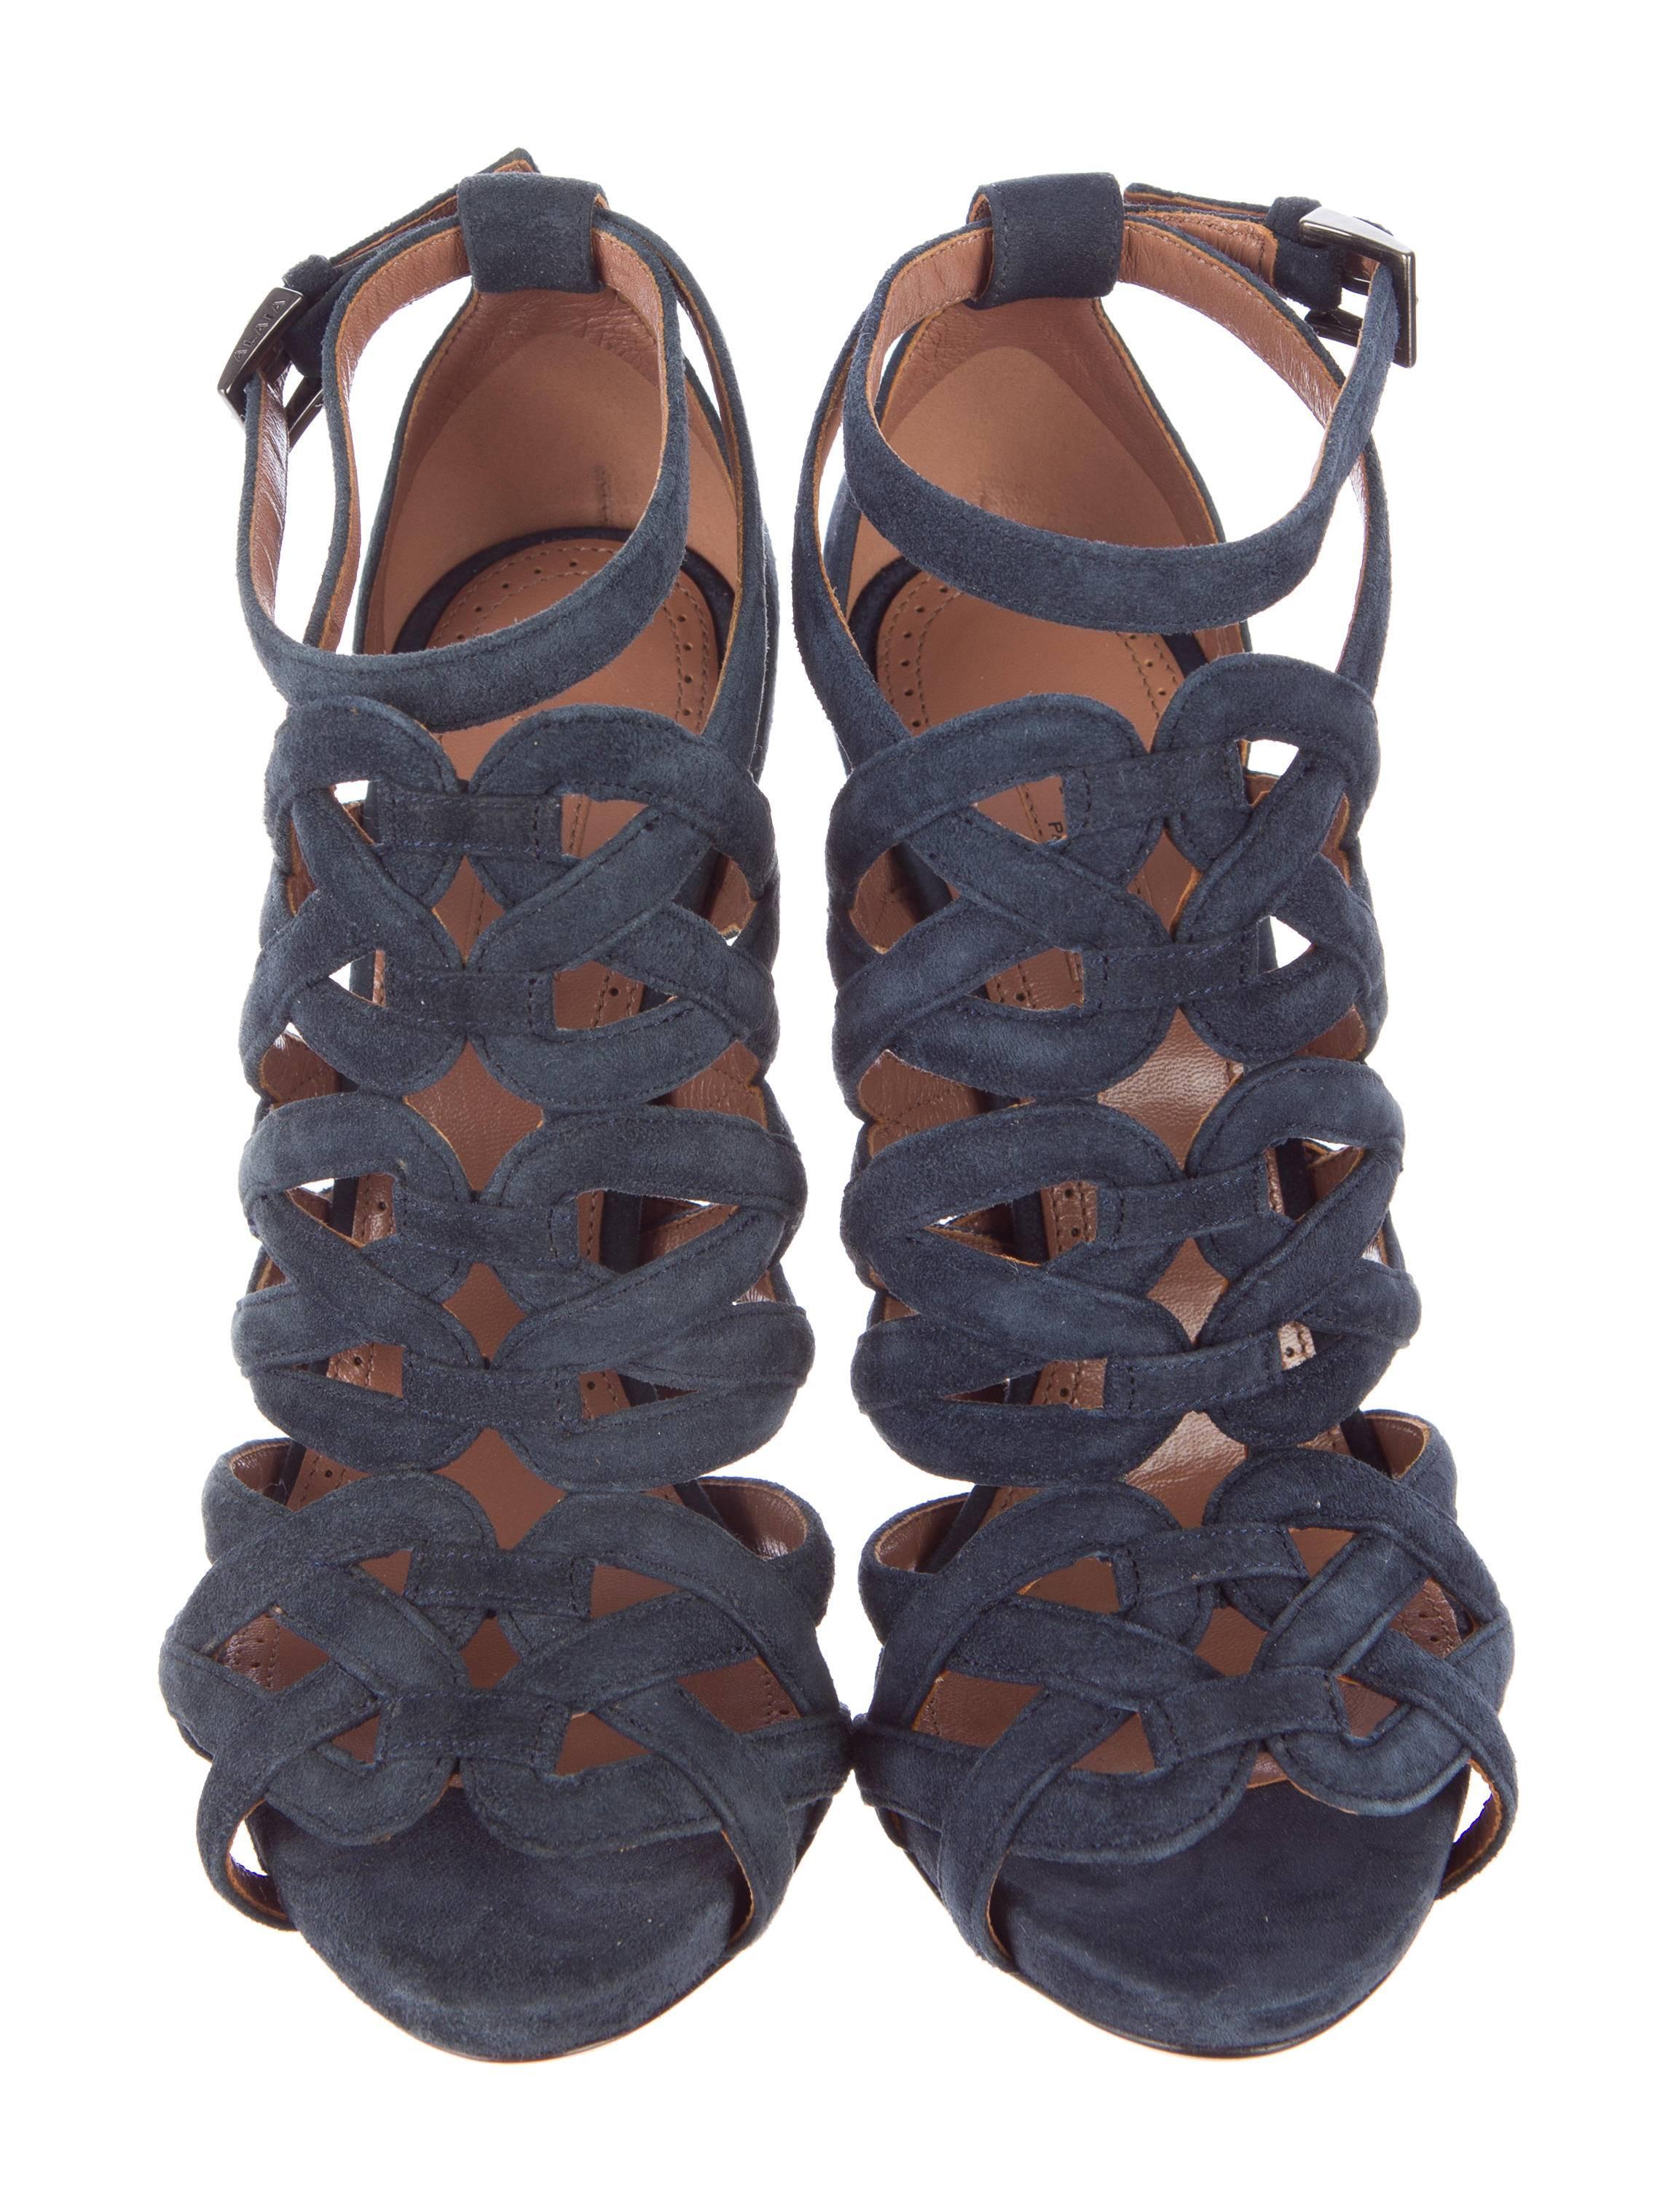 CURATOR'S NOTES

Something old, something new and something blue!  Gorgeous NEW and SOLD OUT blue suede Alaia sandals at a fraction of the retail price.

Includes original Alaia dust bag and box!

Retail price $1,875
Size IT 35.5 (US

==

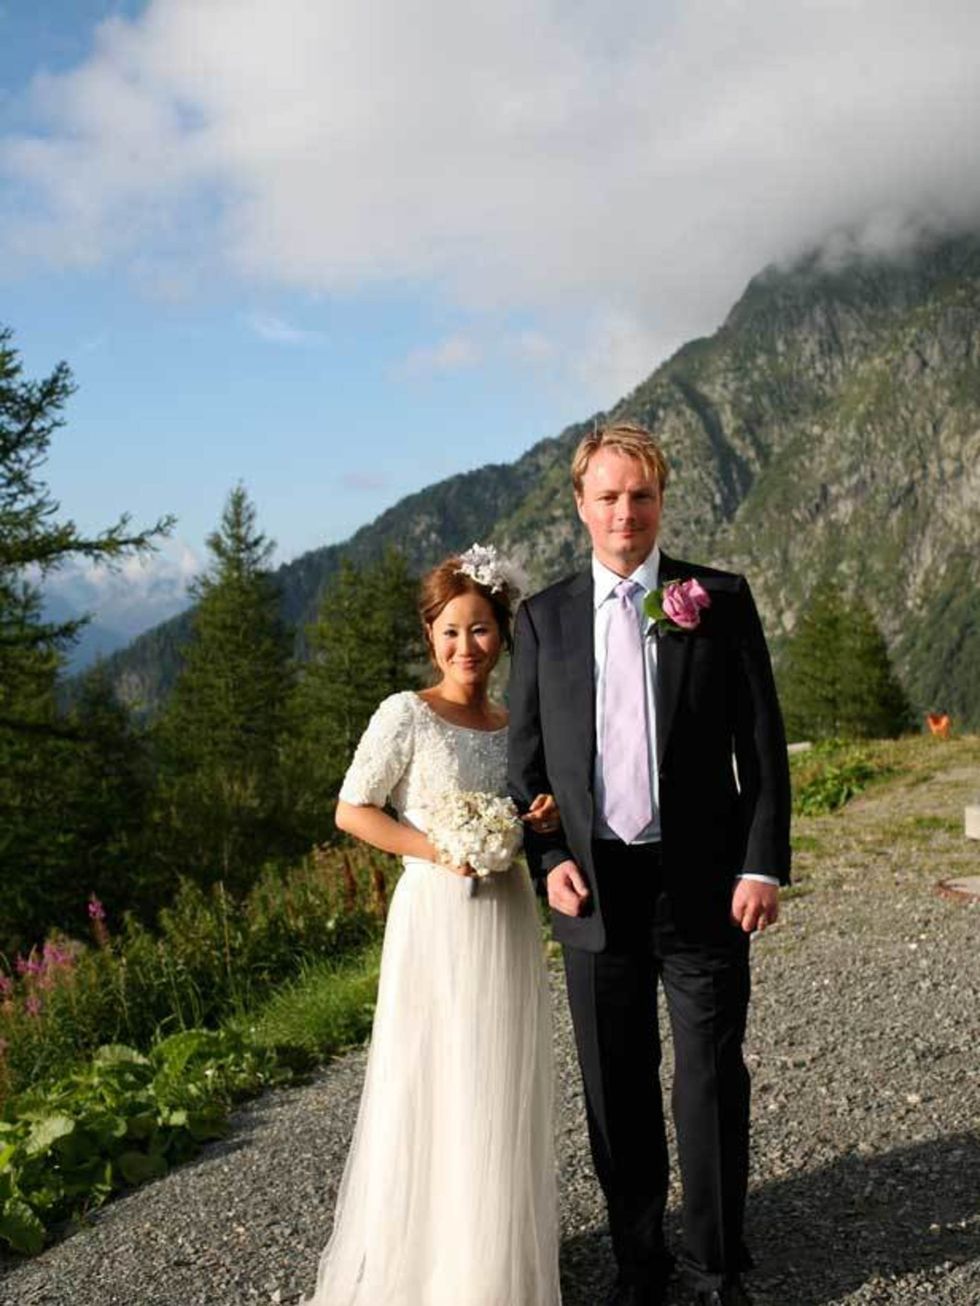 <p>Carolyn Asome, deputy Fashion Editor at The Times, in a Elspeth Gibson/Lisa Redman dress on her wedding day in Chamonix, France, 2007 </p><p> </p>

TRY IT = Reproduce the listing above exactly from the line containing "CURATOR'S NOTES" up to and including the line containing "Size IT 35.5 (US", omitting any images and everything outside those lines.

RESPONSE FOR THIS EXERCISE =
 CURATOR'S NOTES

Something old, something new and something blue!  Gorgeous NEW and SOLD OUT blue suede Alaia sandals at a fraction of the retail price.

Includes original Alaia dust bag and box!

Retail price $1,875
Size IT 35.5 (US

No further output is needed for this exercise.